Understanding btrfs internals

This is the first of a multipart series that explains the basics of btrfs’s on-disk format.

At the end of this series, we’ll have a program that can print out the absolute path of every regular file in an unmounted btrfs filesystem image without external libraries or ioctl(2) calls.

Example code is available here.

Background

Before we begin, it might be helpful to go over some filesystem basics. First, there’s block devices. Block devices are a level of abstraction over physical (or virtual) hardware. You can think of a block device as a linear series of bytes, of which you can read or write at any offset or size. Filesystems are typically built on top of block devices and offers structure and other very useful functionality for storing your data. Such functionality might include files, directories, data checksums, striping over multiple block devices, compression, etc. To support these features, filesystems need to store metadata on the block device in addition to user data.
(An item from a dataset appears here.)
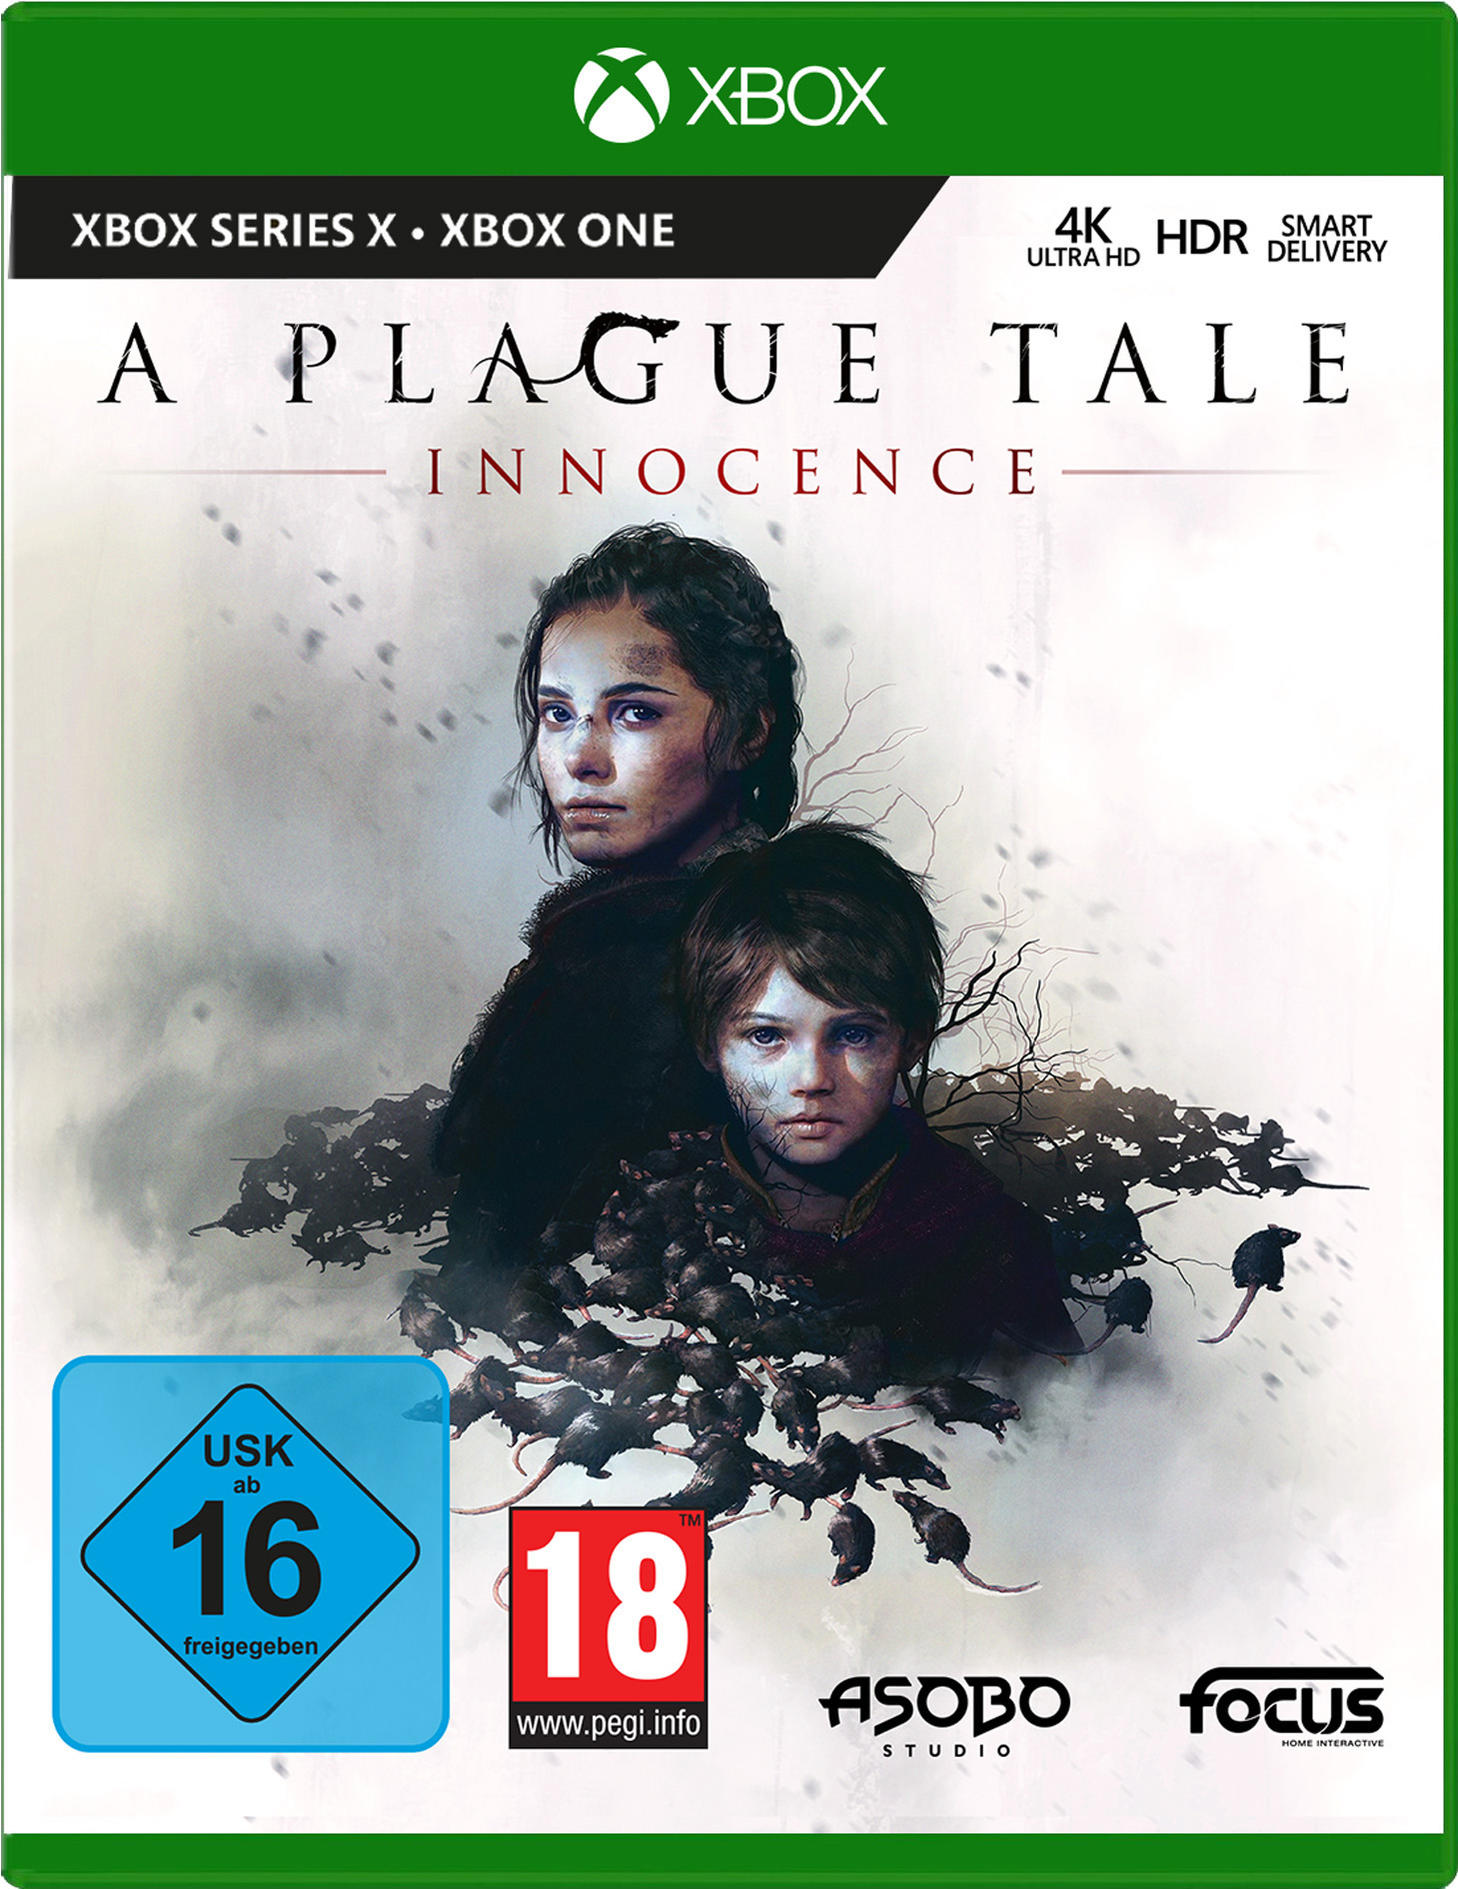 - PLAGUE Xbox XBX X] - Series [Xbox One & A INNOCENCE TALE
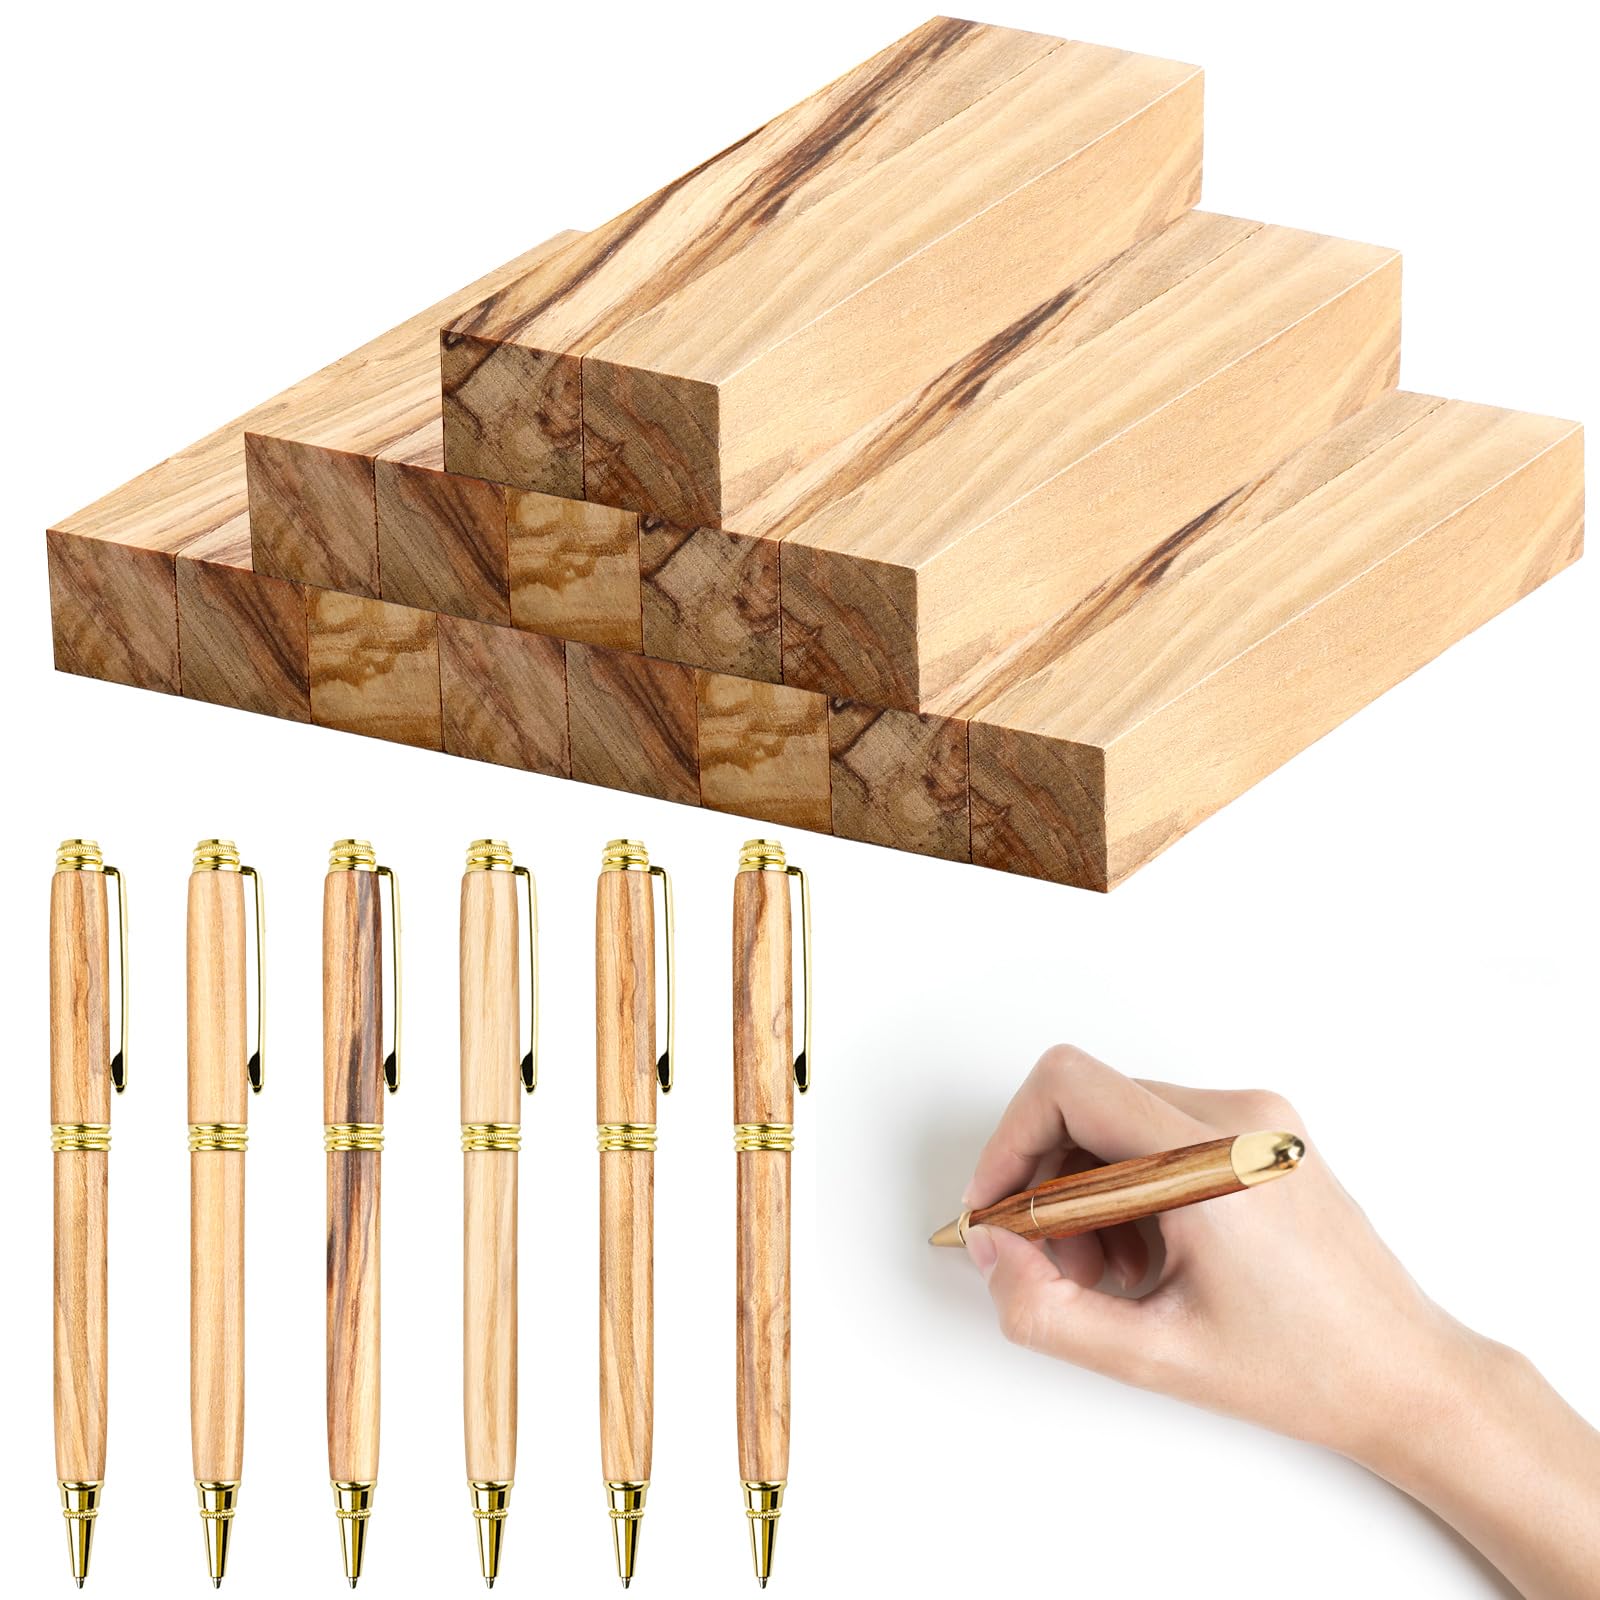 Spiareal 15 Pcs Olive Wood Pen Blanks Pen Turning Supplies DIY Crafts Pen Turning Kit, 5 x 3/4 x 3/4 Inch

Second, what you typically think of when I say “filesystem” is probably a POSIX filesystem. A POSIX filesystem has all the unix-y things we’ve come to love: files, “.” and “..” directories, a filesystem tree, as well as the standard APIs (eg read(), write(), lseek(), etc). If the APIs are implemented as system calls (they usually are), the kernel has to be filesystem aware. For linux, most filesystems are either compiled into the kernel or loaded as kernel modules.

Third, a filesystem image can be thought of as the contents of the entire block device a filesystem is in charge of. It’s usually not a great idea to manually modify a filesystem image. However, it’s totally safe to read from a mounted or unmounted one. “Safe” here means you probably won’t corrupt any data but you might get inconsistent data if you read from a mounted image (b/c the kernel could be making changes).

Notes

A couple notes to keep in mind while reading:

Creating a btrfs image

Instead of a “real” block device with a real physical drive behind it, we’ll use a fake block device (a loopback) to keep things simple (or even more complicated, if you know how a loopback device works under the hood). To create a loopback btrfs image and mount it, run:

$ truncate -s 1G image

$ mkfs.btrfs image
btrfs-progs v5.7
See http://btrfs.wiki.kernel.org for more information.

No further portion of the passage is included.